Concurrently with the compulsory withdrawal of the Union Jack displayed by my friend Mrs. Gibson, of Northern Hotel, Londonderry, another occurrence, this time in the South, will serve to attest the progress made by the inventor and patentee of the Union of Hearts. During the progress of a cricket match on the Killarney Athletic Grounds, between the clubs of Limerick and Kerry, on Whit-Monday, a Union Jack was hoisted, not as a political banner, but as an ornament, and the only banner available for the purpose. It was left flying when the cricketers went home, but in the morning it lay prone and dishonoured. The forty-foot spar had been sawn through, and in falling had smashed the palings. Let a chorus of musical Gladstonians march through Ireland bearing the Union Jack and singing "God save the Queen," let them do it, with or without police protection, and I will gladly watch their progress, record their prowess, and will have great pleasure in writing their obituary notice. The people, as a whole, are enemies to England. They are filled with a blind, unreasoning, implacable resentment for injuries they have never received, their dislike engendered and sustained by lying priests and selfish agitators, who are hastening to achieve their ends, alarmed at the prospect of popular enlightenment, which would for ever hurl them from power. The opinions of Cardinal Logue have been quoted by Lord Randolph Churchill. The Freeman's Journal is still more absolute. Does this sound like the Union of Hearts? Does this give earnest of final settlement, of unbroken peace and contentment, of eternal fraternity and friendship? The Freeman says, "We contend that the good government of Ireland by England is impossible, not so much by reason of natural obstacles, but because of the radical, essential difference in the public order of the two countries. This, considered in the abstract, makes a gulf profound, impassible—an obstacle no human ingenuity can remove or overcome."

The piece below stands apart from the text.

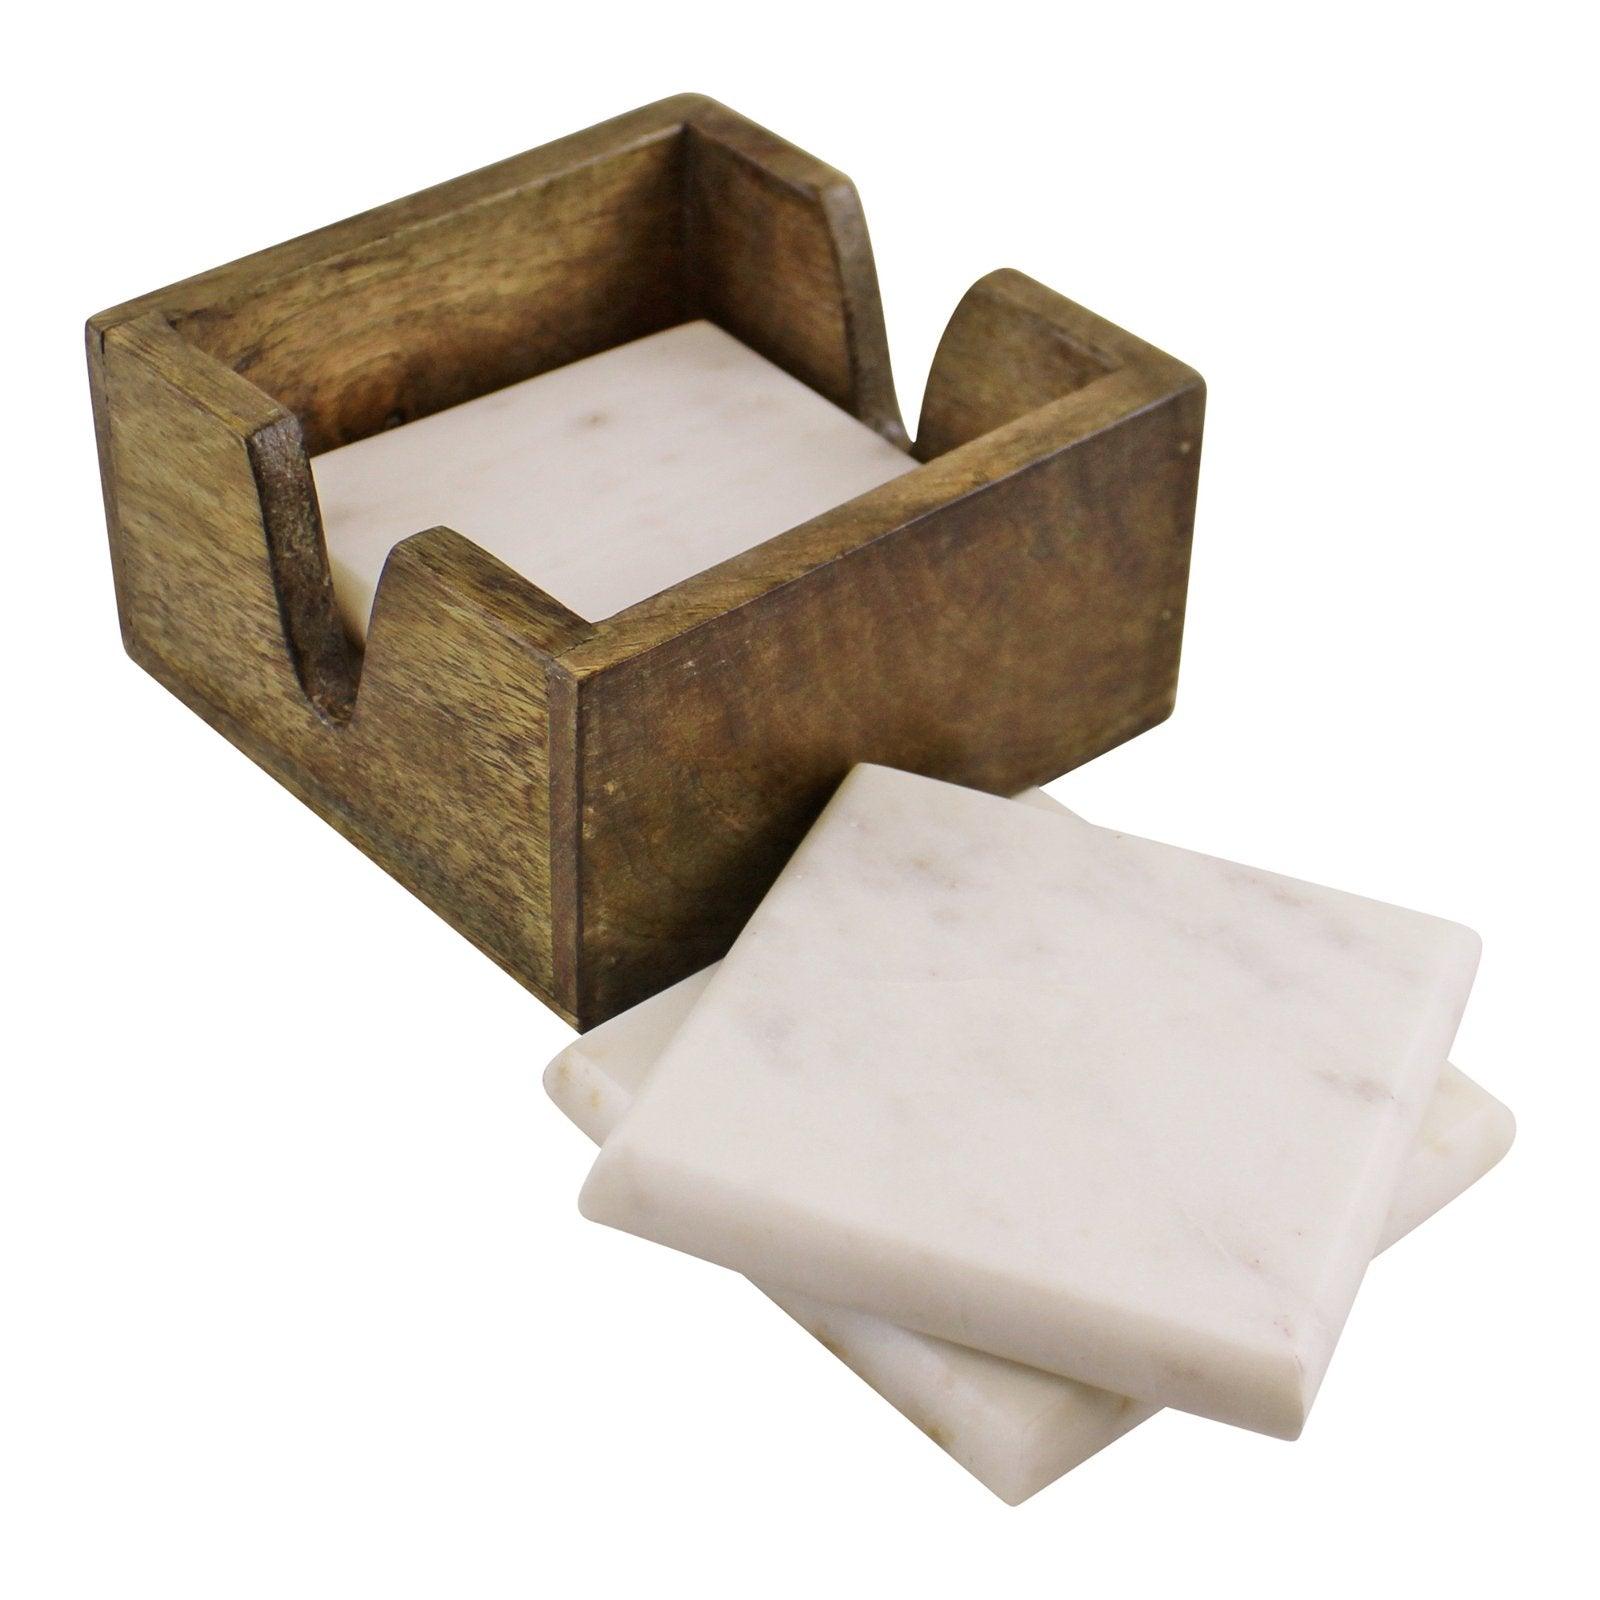 Set of 4 High Quality Marble Coasters In A Mango Wood Holder-Coasters & Placemats

This promises well for the success of the Home Rule Bill; but why is the thing "impossible"? Why is the gulf not only profound but also "impassible"? Why is the good government of Ireland by England prevented by an obstacle beyond human ability to remove, and which, as Mr. Gladstone would say, "passes the wit of man." The Freeman has no objection to tell us. The writer assumes a high moral standpoint, addressing the eminently respectable and religious Mr. Bull more in sorrow than in anger, but notwithstanding this, in a style to which that highly moral and Twenty-shillings-in-the-pound-paying person is not at all accustomed. The Freeman goes on—
"We find ourselves bound by reason and logic to deny to English civilisation the glorious title of Christian."
This is distinctly surprising. John always believed himself a Christian. The natural pain he may be expected to undergo after this disagreeable discovery is luckily to some extent mitigated by the information that although England is not Christian, Ireland is extremely so. The one people (the Irish) "has not only accepted but retained with inviolable constancy the Christian civilisation;" the other (the English) "has not only rejected it, but has been for three centuries the leader of the great apostacy, and is at this day the principal obstacle to the conversion of the world."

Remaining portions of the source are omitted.